Creating On-Site Specialists

More promising, at least at this point, is the development of on-site acute care surgeons, McConnell says. “Instead of having five different specialties on call, you would have one surgical hospitalist to deal with emergency patients,” he says.

To this end, several groups, including the American College of Surgeons and the American Association for the Surgery of Trauma, have developed a fellowship in acute care surgery. The surgeon will be trained to stabilize trauma and other emergency patients prior to other specialists’ arrival, says J. Wayne Meredith, M.D., medical director of trauma programs at the American College of Surgeons.

But the approach won’t be a cure-all, Meredith cautions. Only large urban areas treat a sufficient number of patients to support an acute care surgeon. And training efforts, he says, will take a while to catch up with demand.

In the meantime, a few hospitals are already employing their own on-site surgeons, says Ron Greeno, M.D., chief medical officer of Nashville, Tenn.-based Cogent Healthcare, which manages hospitalist programs. Even more, he says, “are talking about it.” The concept, albeit intriguing, is not without some competitive risk. “The hospital could have some fallout, with general surgeons taking their cases elsewhere,” he says.

Road Testing Robotic Support

Where human coverage lags, telemedicine and robots may provide part of the solution.

In 2006, the not-for-profit hospital chain Trinity Health based in Novi, Mich., launched the Michigan Stroke Network, which relies in part on robots to assess potential stroke patients at far-flung facilities. By mid-summer, 30 hospitals were already participating.

With the help of the mobile robotic devices, made by InTouch Health, physicians at the 30 facilities can consult a neurologist and other relevant specialists through the stroke command center at St.
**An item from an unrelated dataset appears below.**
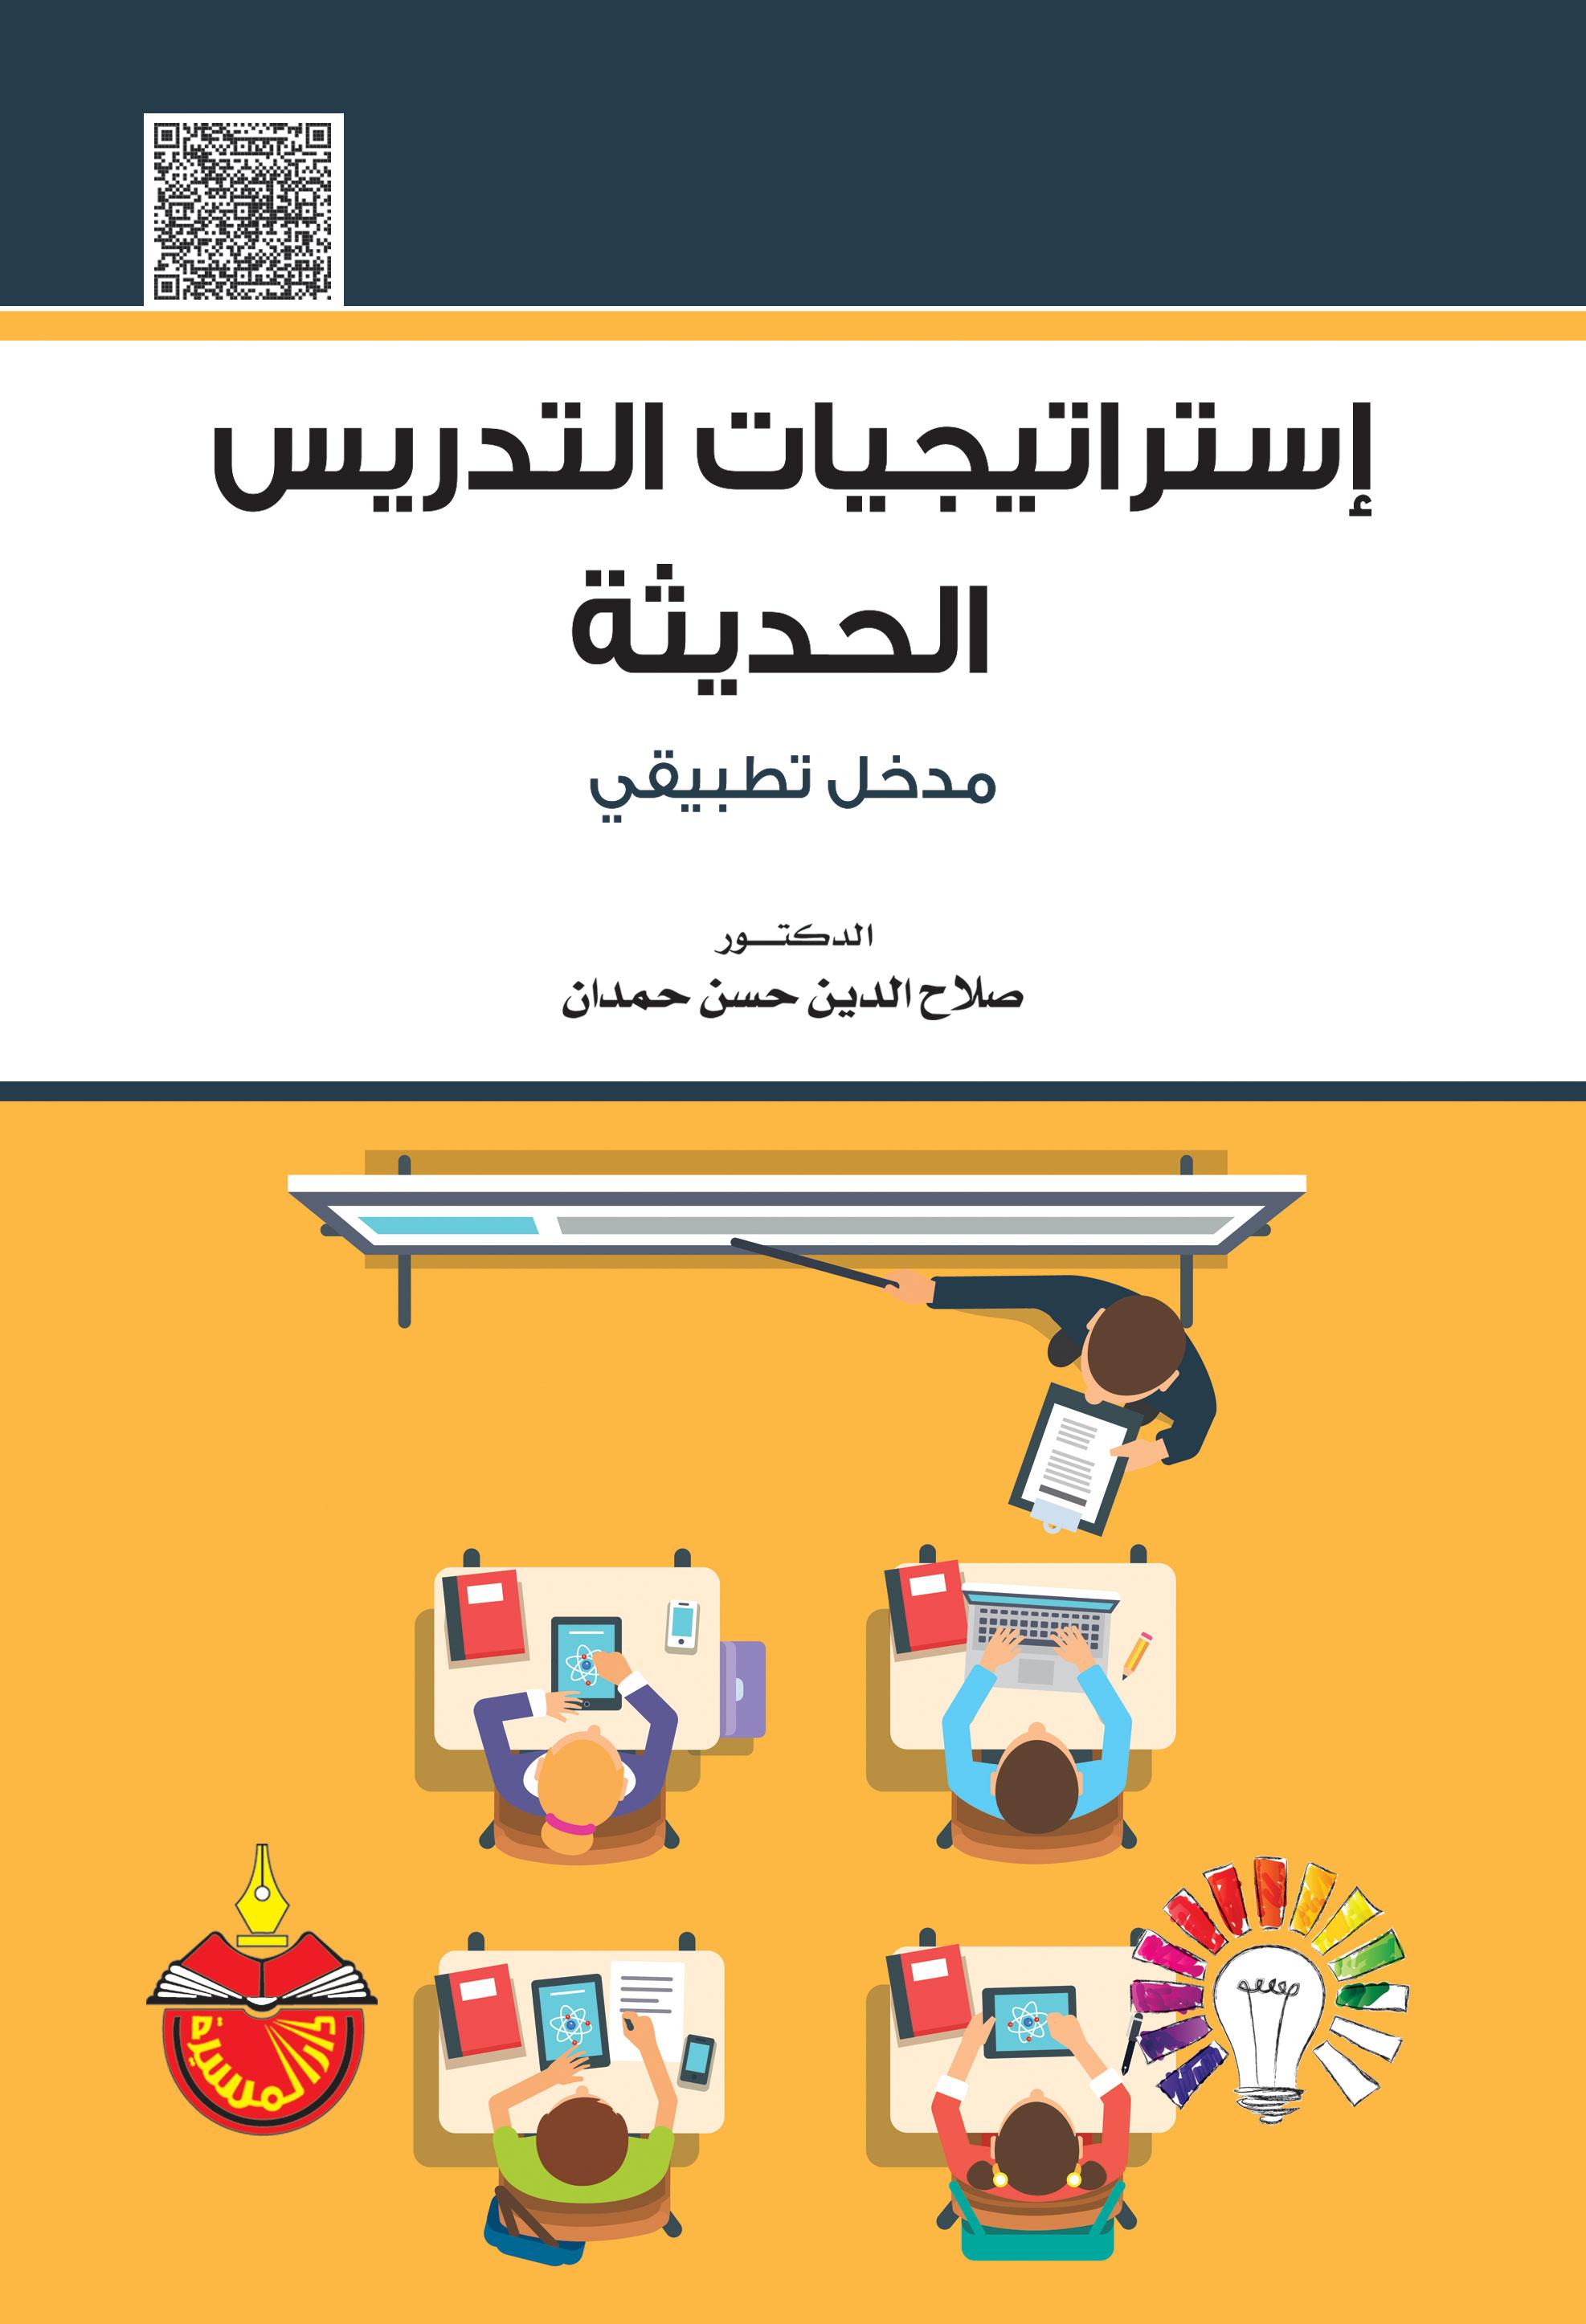 طرق التدريس العامة ومهارات تنفيذ وتخطيط عملية التدريس - عبد الرحمن عبد  السلام جامل

Joseph Mercy Oakland in Pontiac, Mich. Imaging scans can be reviewed. The patient can be examined, with the assistance of the on-site physician. In the first seven months, 600 calls were made to the stroke center and about 150 patients were transferred, says Jack Weiner, the hospital’s CEO.

Outcomes won’t be analyzed until after the first 12 months, but Weiner estimated that two to three dozen patients have already benefited from the stroke network, which includes air ambulance transfer for surgery.
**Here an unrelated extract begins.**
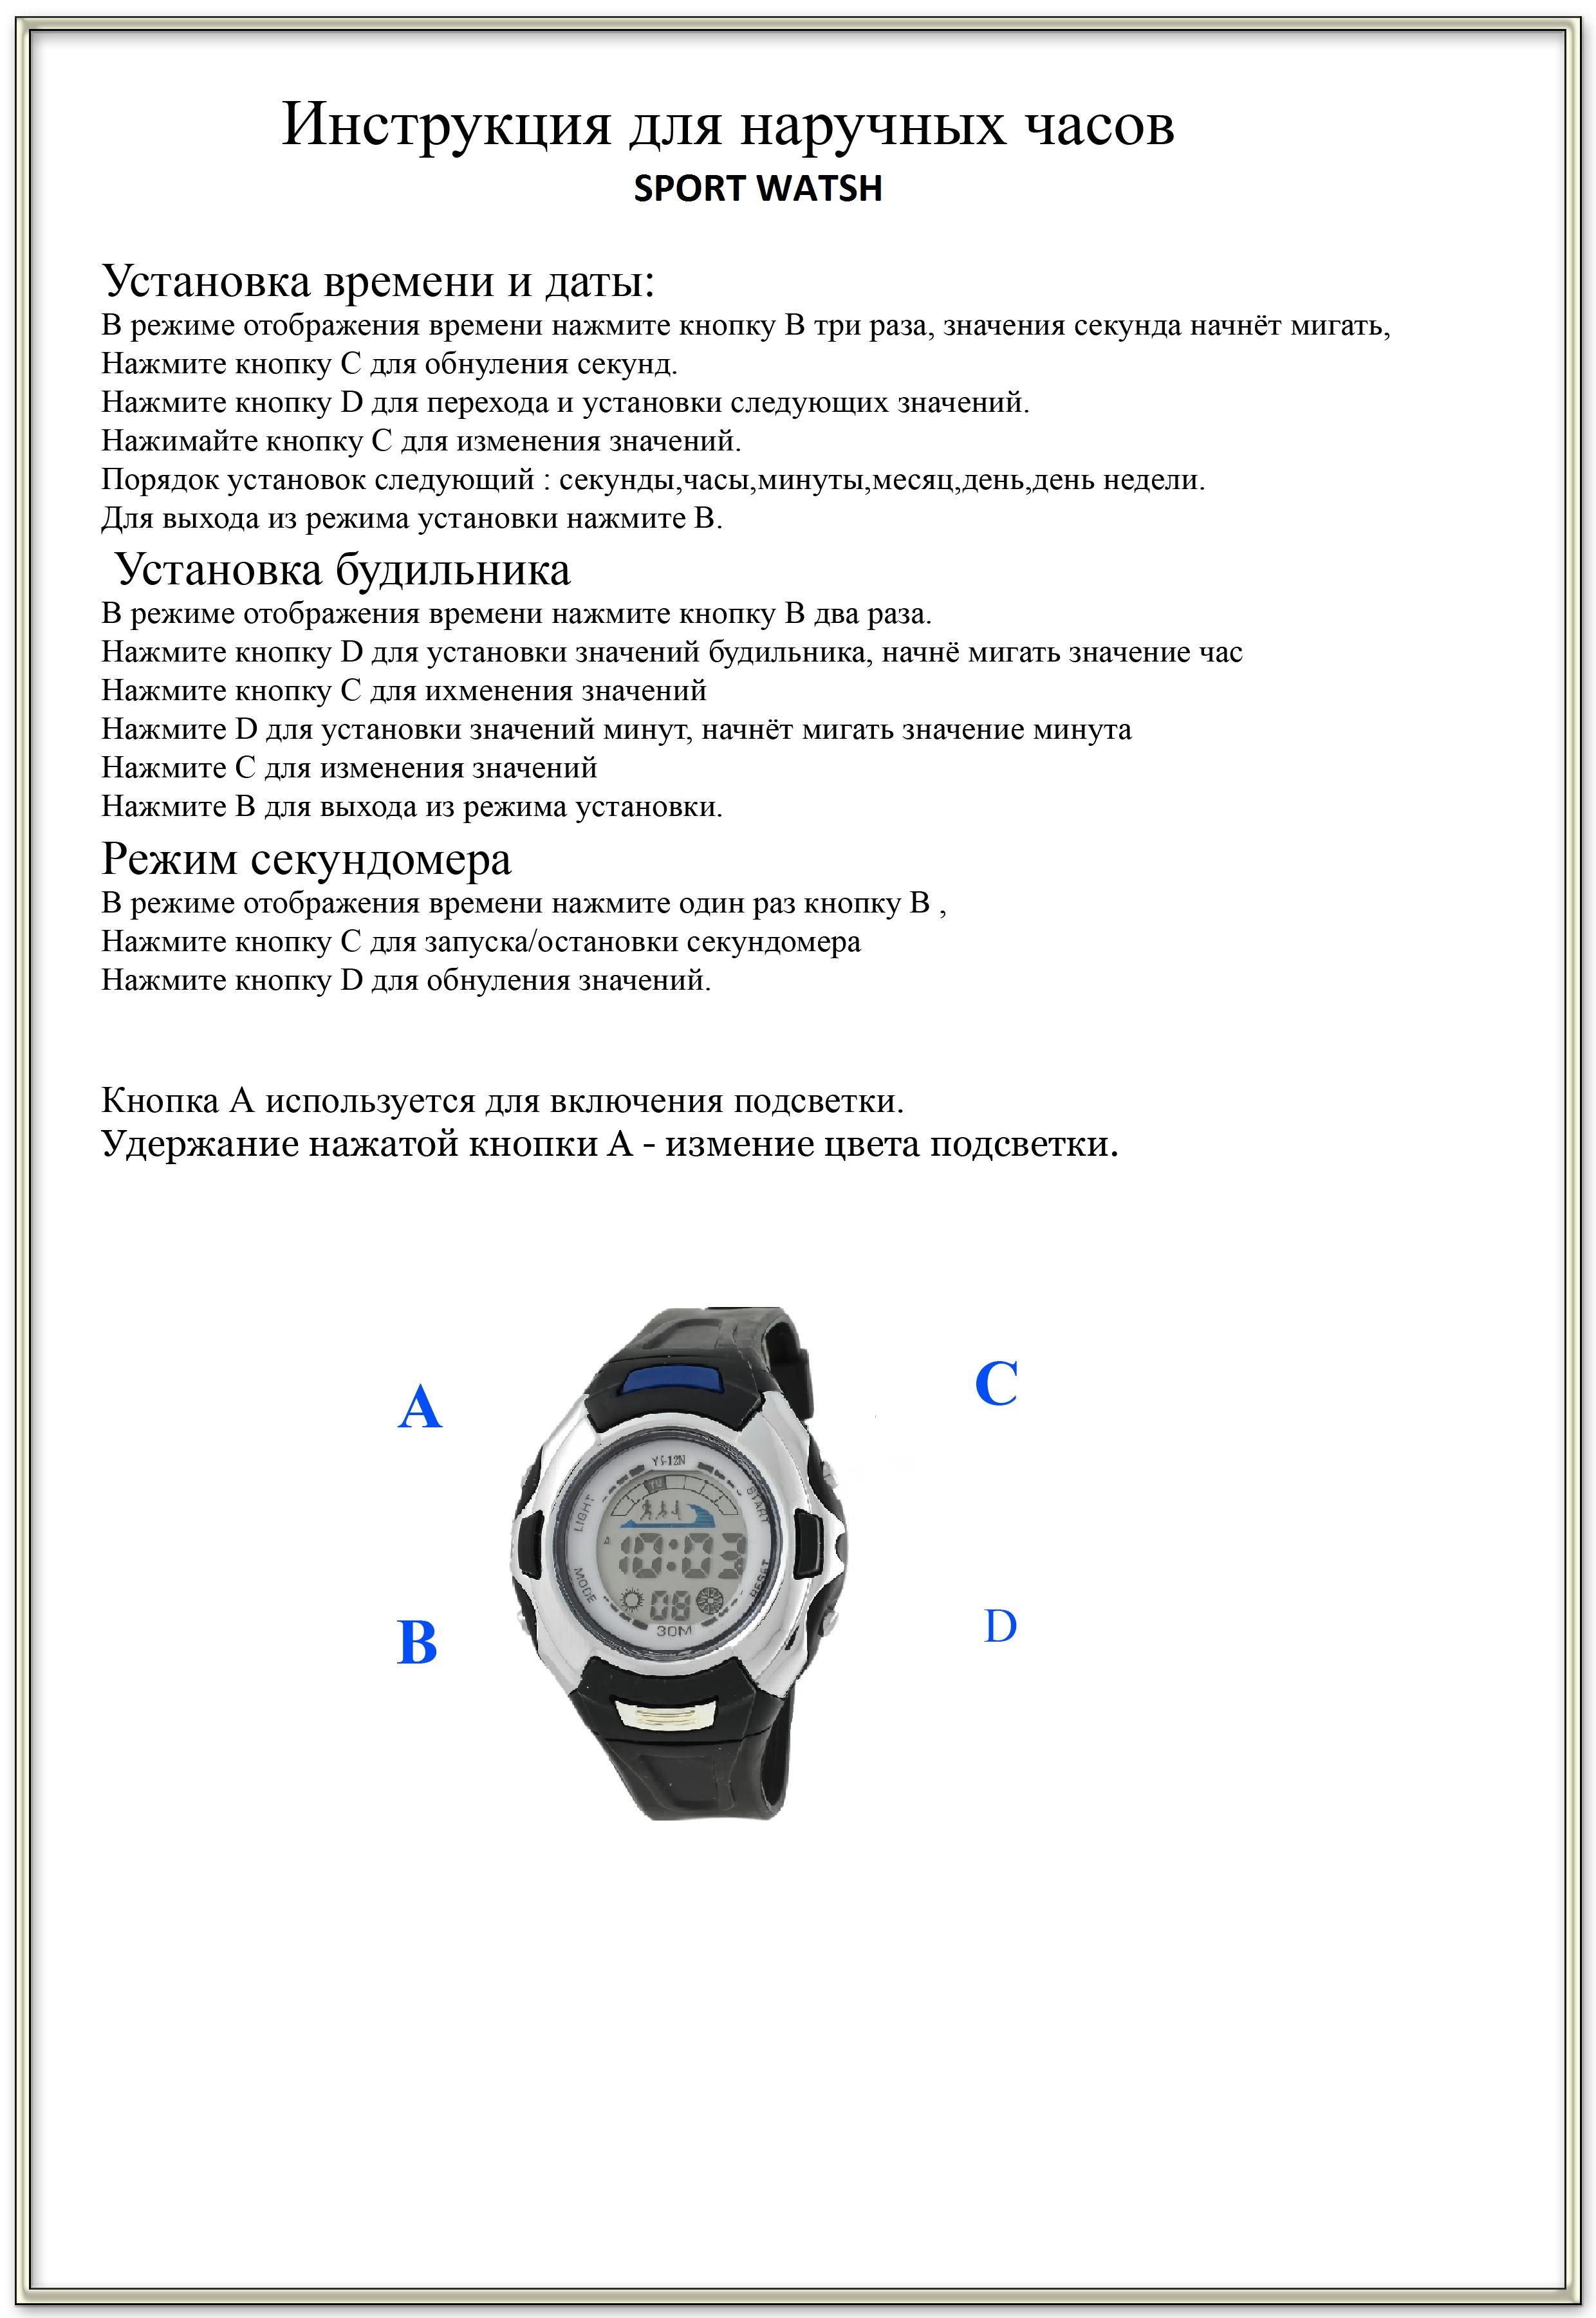 Sport watch часы наручные инструкция наручные часы механические или кварц

“The anecdotal cases almost bring tears to your eyes,” he says. Now the 428-bed community hospital is starting to pioneer a similar approach for cardiology.

But robotic support, despite its high-tech pizzazz, doesn’t address the nub of the on-call problem: surgical coverage. In the AHA survey, surgeons dominated the top 11 specialties that hospitals were paying cash to cover: general surgery, neurosurgery, orthopedics, hand surgery and plastic surgery, among others. Neither can obstetrics be handled remotely. “Ultimately, to do the procedure, someone has to show up,” says Todd Taylor, M.D., an ACEP officer.

Making Call Palatable

Taylor, who recently stopped practicing emergency medicine because of the liability climate, argues that specialists won’t return to the call schedule in substantial numbers until that pressure is eased. “How much money do you have to pay a bomb technician to defuse a bomb without protection?” he asks.
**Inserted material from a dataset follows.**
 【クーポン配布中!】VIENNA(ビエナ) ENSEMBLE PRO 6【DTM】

In the interim, though, hospital administrators can take some steps to make call responsibilities more palatable. They can provide conciergelike services to gather resources—the operating room, nursing staff and equipment—to fast track any procedure, thus limiting specialists’ time away from their families or practices. Physicians who take call also could be given priority when booking time on the coveted operating room schedule, Taylor says. “It’s like being a frequent flier—you get to board first,” he says.

Robotic technology also can play a hand in improving quality of work life, Weiner says. By checking on the patient and imaging tests from home, for example, an orthopedic surgeon could separate pressing crises from those that can wait until morning.

A little creativity can only help, when it comes to on-call coverage challenges, Weiner says. “If we can reduce the hassle factor, maybe we’ll make it more acceptable,” he says.—Charlotte Huff is freelance writer in Fort Worth, Texas.

This article 1st appeared in the August 2007 issue of HHN Magazine.